** DATA SEGMENT **
·····

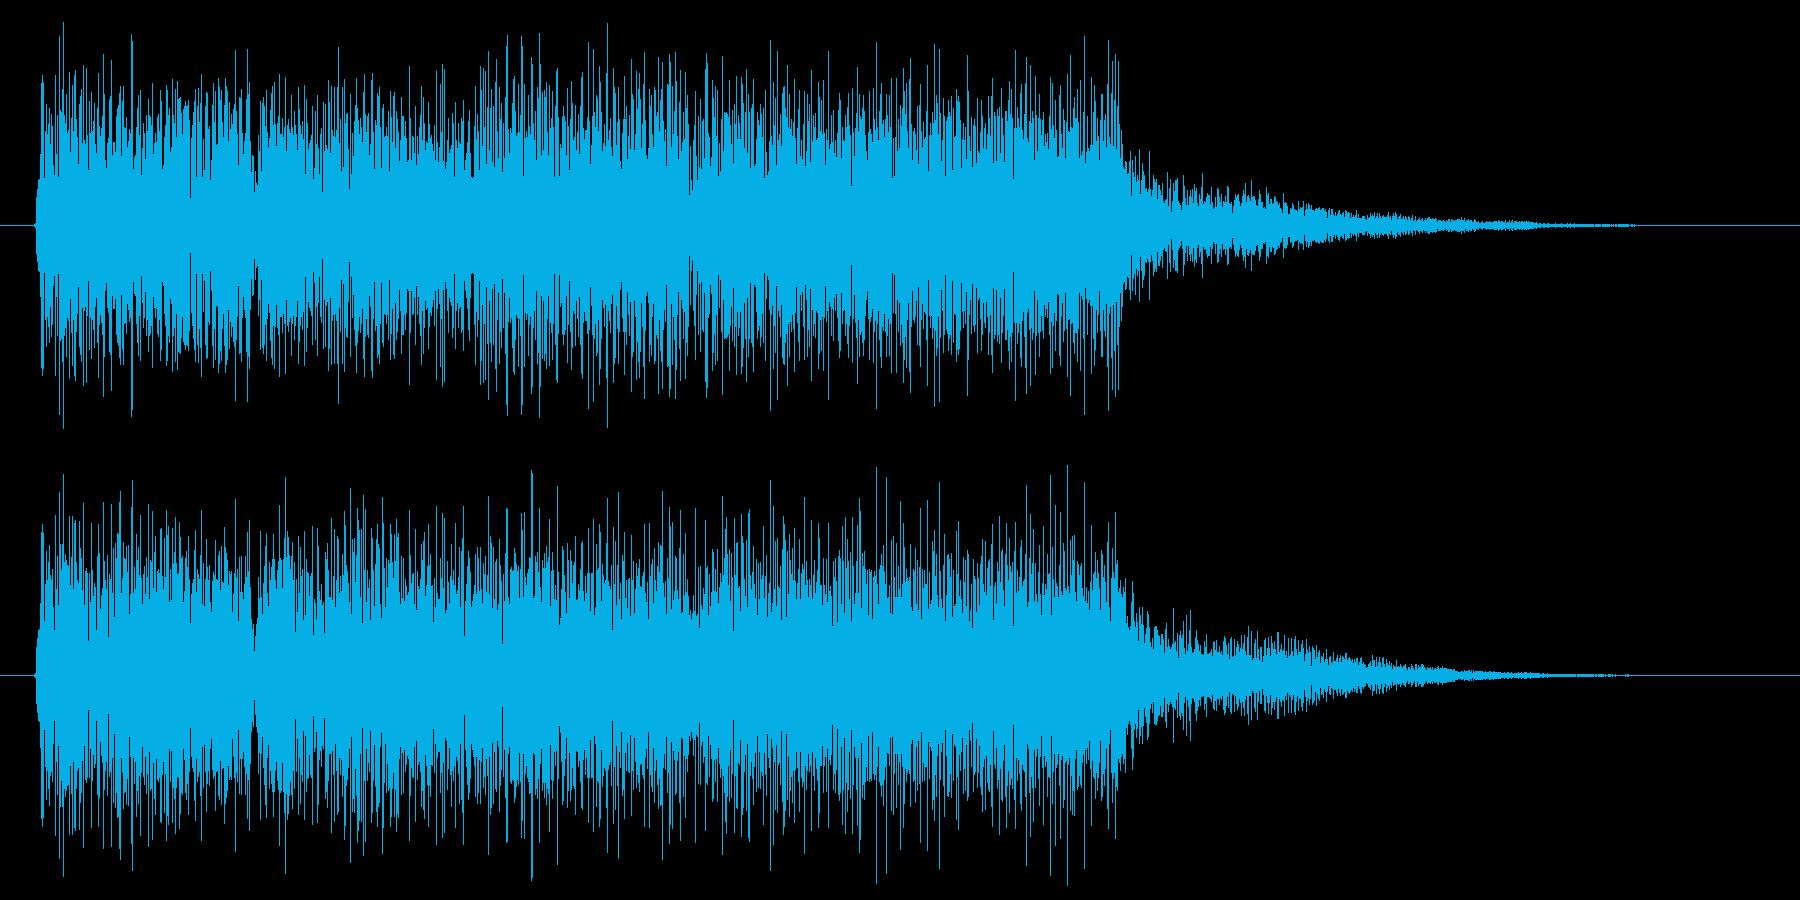 トゥルルルー 失敗 ミス 残念の再生済みの波形
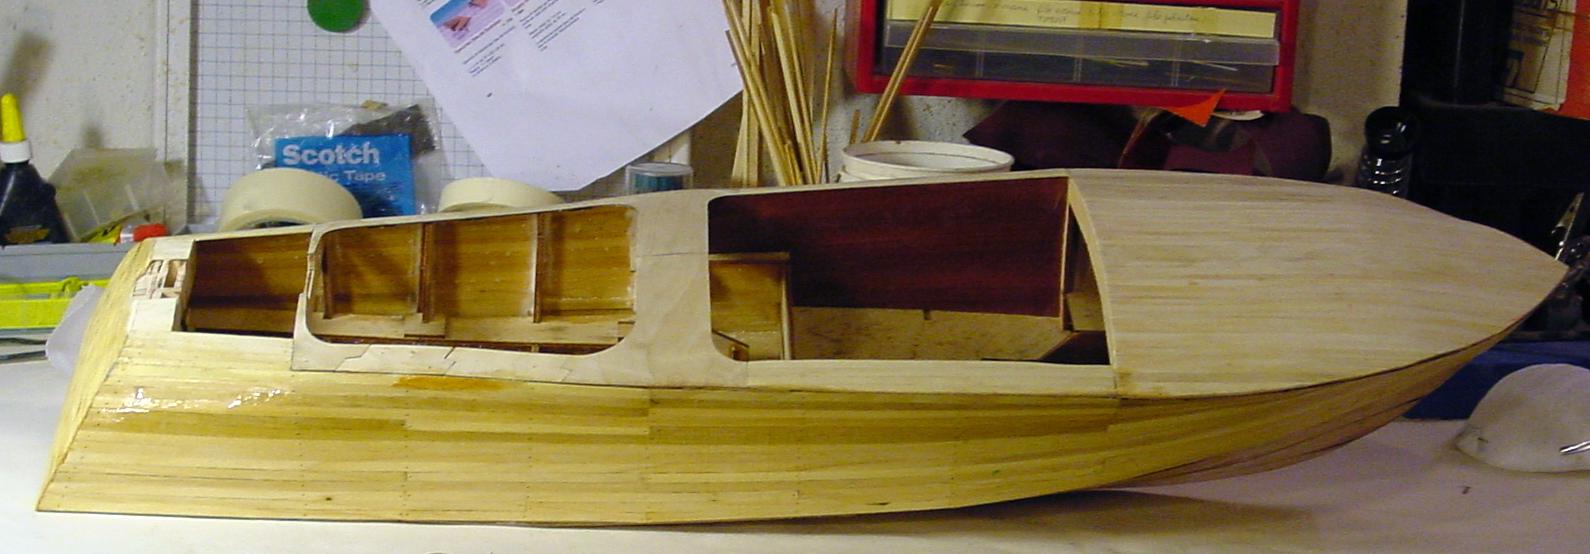 Modellismo navale rc model boats riva aquarama for Piani di veranda chiusa gratis
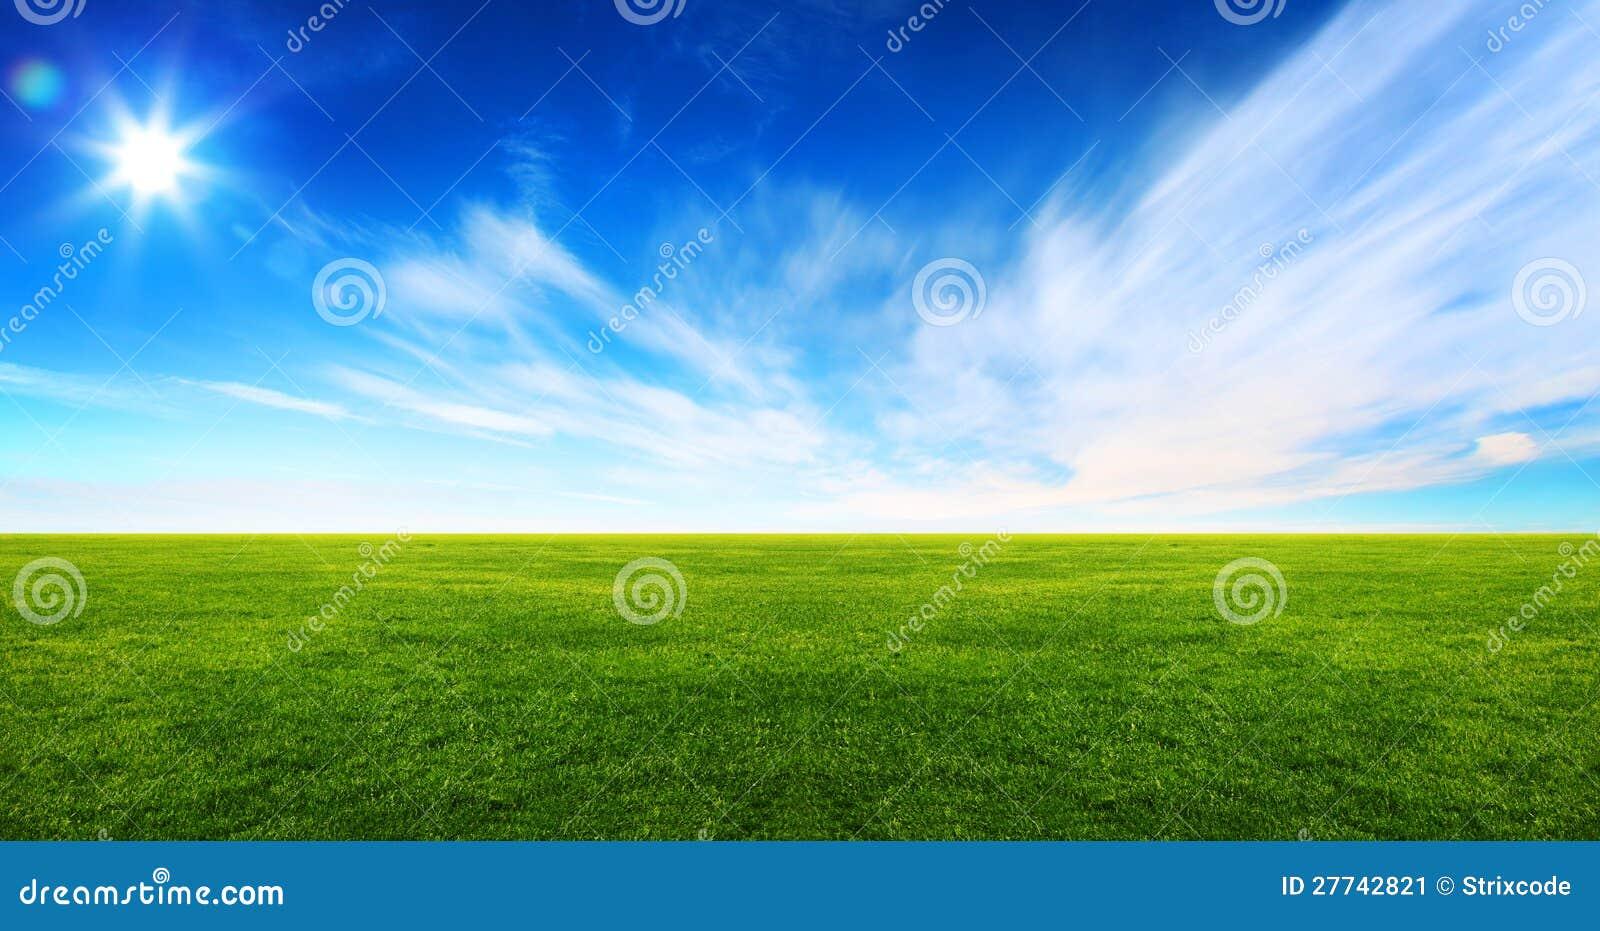 Широкое изображение поля зеленой травы

·····

Every line above goes into your copy exactly; no images go in.

 トゥルルルー 失敗 ミス 残念の再生済みの波形
 Modellismo navale rc model boats riva aquarama for Piani di veranda chiusa gratis
 Широкое изображение поля зеленой травы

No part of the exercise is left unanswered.